Residents walk in the city as a big banner of of U.S. President Barack Obama is pictured on a building, in Mumbai
Residents walk in the city as a big banner of of U.S. President Barack Obama is pictured on a building, in Mumbai November 6, 2010. Obama will visit India, Indonesia, South Korea and Japan on a tour that will blend trade talk and other economic diplomacy with assurances to Asian allies worried by an increasingly assertive China. In India, Obama will attend a meeting along with hundreds of U.S. and Indian business leaders. He will announce a "comprehensive partnership" including economic ties in Indonesia, attend a G20 summit of global economic powers in Seoul and participate in an Asia-Pacific economic forum in Yokohama, Japan. REUTERS

After a slow start that has frustrated U.S. business groups, the next four months could be important to President Barack Obama's legacy on trade.

Obama has a goal of doubling U.S. exports by 2014 but he has not moved as aggressively as his Republican predecessor, George W. Bush, to open markets abroad.

This month business groups expect Obama at long last to submit three Bush-era free trade pacts with South Korea, Colombia and Panama to Congress for approval.

We're quite confident that Congress has the votes needed to approve the pact, said Frank Vargo, vice president for international economic affairs at the National Association of Manufacturers.

Successful passage by Congress would burnish Obama's free trade credentials and boost talks on a regional free trade agreement that the White House hopes will establish 21st Century trade rules in the fast-growing Asia-Pacific region.

The plan is for Obama and leaders of the eight other Trans-Pacific Partnership countries to shake hands on the broad outlines of a deal in November when the United States hosts the Asia Pacific Economic Cooperation summit.

The proposed pact would build existing U.S. free trade deals with Australia, Chile, Singapore and Peru into a regional free trade pact that includes Malaysia, Vietnam, New Zealand and Brunei Darussalam.

Japan, Canada, South Korea, the Philippines and Thailand have also expressed interest in eventually joining the pact.

LABOR OPPOSITION

Still, Congress' approval of the South Korea, Colombia and Panama deals is not assured.

Richard Trumka, president of the AFL-CIO labor federation which opposes the deals, boasted on Wednesday that opponents may have the votes to stop the pacts, which they see as a threat to U.S. jobs. I think we have a real shot at it, Trumka said.

In addition to the challenge from organized labor, Obama must persuade Republicans focusing on spending cuts to renew a retraining program for displaced workers known as Trade Adjustment Assistance. This is critical to gaining enough Democratic votes in the Senate to approve the trade pacts.

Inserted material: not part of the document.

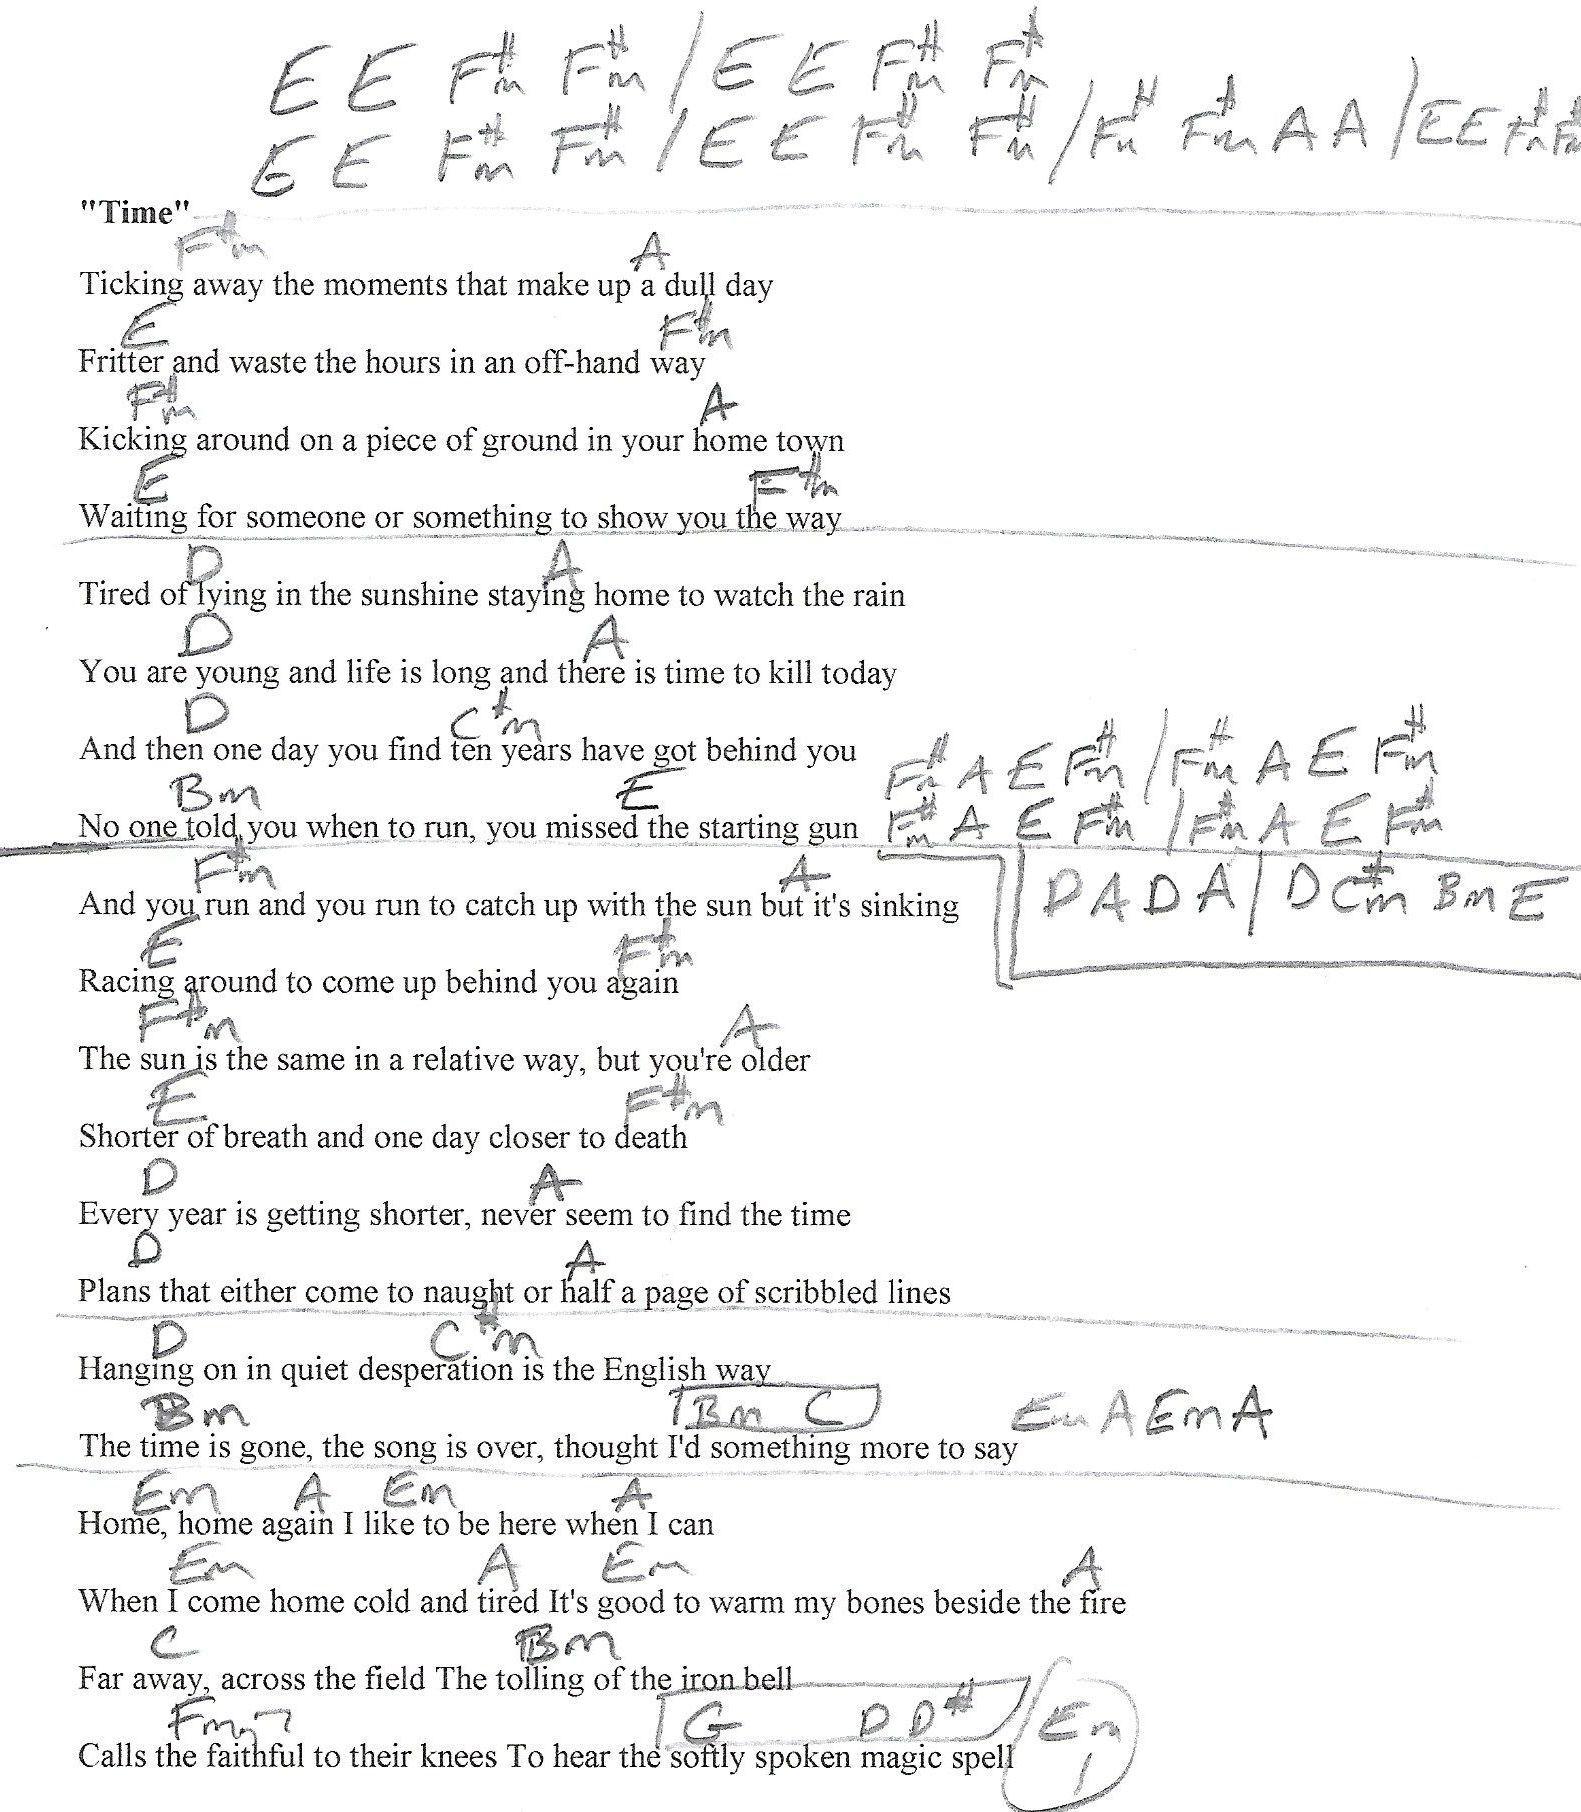 Time Pink Floyd Guitar Lesson Chord Chart With Lyrics Guitar

Republican opposition to TAA makes our job, quite frankly, a little bit easier, because no one is going to support those trade agreements without TAA, said Trumka.

Democrats like House Minority Leader Nancy Pelosi and Senator Charles Schumer also have signaled plans to push for a vote on legislation to pressure China to revalue its currency in conjunction with the free trade pacts.

That would inflame relations with Beijing and possibly trigger tit-for-tat trade retaliation if Obama does not expend political capital to block it.

The early start of the 2012 U.S. election campaigns, however, may dampen Obama's appetite to lead aggressively on trade.

But if the administration spends the effort and actually finishes the job (the trade deals) with Congress, that will send a very positive signal, said Jeffrey Schott, a senior fellow at the Peterson Institute for International Economics.

RUSSIAN HOPES

It should also be clear by time of the APEC summit whether U.S. and European Union efforts to usher Russia into the World Trade Organization by the end of this year will succeed. Russia is the largest economy still outside the WTO.

Russia's membership would require Obama to persuade U.S. lawmakers to approve permanent normal trade relations (PNTR) with Russia by lifting a Cold War-era restriction on trade known as the Jackson-Vanik amendment.

If Congress does not, Moscow would be entitled under WTO rules to deny U.S. companies the market-opening benefits of the accession agreement the United States helped negotiate.

U.S. officials want Congress to approve PNTR before Russia formally joins the WTO. But Vargo of the National Association of Manufacturers warned that be a heavy lift because of concerns in Congress about Moscow on a number of fronts.

In December, Obama's chief trade negotiator, U.S. Trade Representative Ron Kirk, will go to WTO headquarters in Geneva to discuss the Doha round of world talks, which is in the doldrums after 10 years of talks.

The economic benefits of an agreement to further liberalize trade among the 153 members of the WTO would far surpass any of the bilateral deals pending in Congress or the proposed Transpacific pact, said James Bacchus, a former WTO appellate body judge and former member of Congress.

Obama should lead an effort to salvage a deal from the Doha round and then forge a new trade agenda for the 21st Century, Bacchus said.